Nach der Rückwärtsrolle blieb ich eine Sekunde auf dem Rücken liegen. Mir war wirklich langweilig, deswegen beschloss ich, mich im Kreis zu rollen. War sicher gut für die Muskulatur, jedenfalls für jene Muskulatur, welche fürs Rollen zuständig war. Der Arsch gehörte sicher dazu und wer kann zu einem knackigen Arsch schon „nein" sagen? So rollte ich mich noch schneller. Als ich die verstörten Blicke der Wachen auf mir spürte, musste ich lachen. Einer sah dümmer aus als der andere und da ihre Gesichter nicht zur Hälfte von einem Maulkorb bedeckt waren, konnte ich erkennen, dass ihnen eindeutig nicht zum Lachen zu Mute war.
Nach einigen weiteren rollenden Runden wurde auch das langweilig und ich begann zusätzlich das beliebte Kinderlied „Row, row, row your boat" zu singen, wobei meine Stimme so sehr gedämpft wurde, dass es sich in meinen Ohren nur wie ein tiefes Summen anhörte. Aus Wut darüber, dass der Maulkorb meine wunderschöne Singstimme dämpfte, schlug ich in der nächsten Runde meinen Kopf absichtlich und heftig auf den Boden, als ich an der Hauptwache vorbeirollte. Jeff zuckte erschrocken zusammen und wich von der Glasscheibe zurück. Erst als ich spürte, wie etwas Nasses an meiner rechten Gesichtshälfte herunterrann, wurde ich mir des leichten Schmerzes bewusst. Eine plötzliche Idee ließ mich innehalten. Ich hockte mich kurz hin und beugte mich mit dem Oberkörper leicht nach vorne. Der Blutstropfen zischte, als er mit dem Betonboden in Berührung kam. Das Gift in meinem Blut war also so effektiv wie eh und je. Interessant.

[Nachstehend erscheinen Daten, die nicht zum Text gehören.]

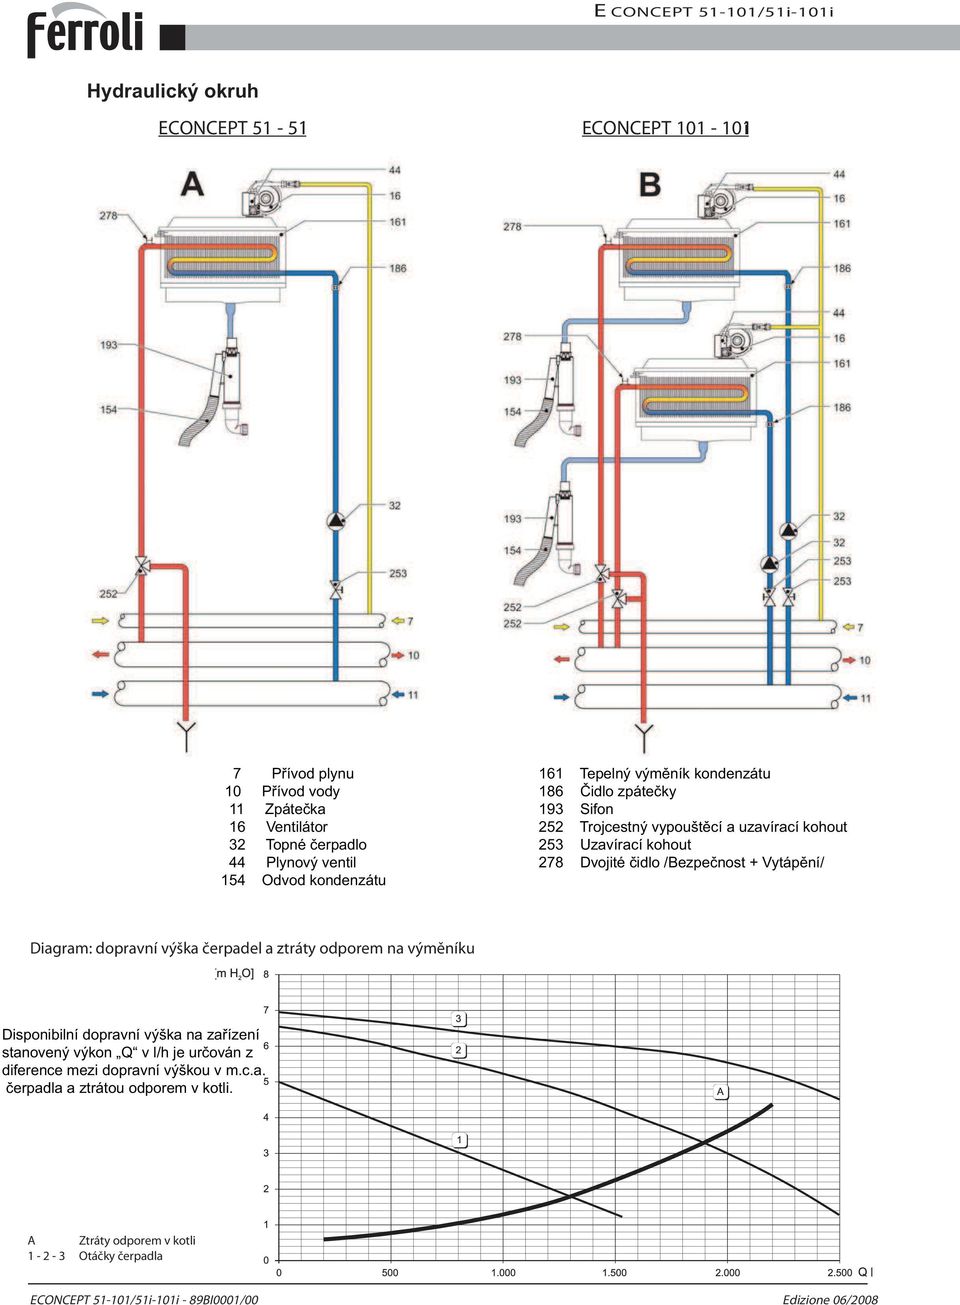 Vytápění/ Diagram: dopravní výška čerpadel a ztráty odporem na výměníku Disponibilní dopravní výška na zařízení stanovený výkon Q v l/h je určován z

Bevor einer der Wachen bemerkte, dass ich mich völlig still hingehockt hatte, begann ich, mich weiterzurollen, wobei ich von nun an bei jeder Runde meinen Kopf gegen den Boden knallte. Somit würde auch keine Blutspur am Glas zurückbleiben. Die Wachen hatten langsam das Interesse an mir verloren, was mich irgendwie ärgerte. Ich hatte eindeutig ein Aufmerksamkeitsdefizit, so wie Liz immer behauptete. Als ich merkte, dass ich immer mehr blutete und dies Spuren auf dem Boden hinterließ, rollte ich mich kurzerhand unter mein Bett. Das Training hatte definitiv etwas gebracht, denn ich passte mühelos darunter. Ich schlitterte darunter wie ein Stück Butter in einer heißen Pfanne. Scheibenhonig, nun bekam ich auch noch Hunger auf Pfannkuchen!
Aus Angst, das Blut könne zu schnell trocknen, schlug ich in regelmäßigen Abständen meinen Kopf gegen das Bettgestell. Mein Blut hatte eine echt schöne Farbe, fast so schön wie meine giftgrünen Haare, welche vom Blut jedoch immer rötlicher gefärbt wurden. Diese Farbe und Blut erinnerten mich an Liz, die gerade verhört wurde. Und an das Gesicht von Marcus, welches immer so rot wurde, wenn er sich mit mir unterhielt. Wahrscheinlich freute er sich und wedelte unter dem Tisch mit seinem Schwanz, in jeglicher Hinsicht.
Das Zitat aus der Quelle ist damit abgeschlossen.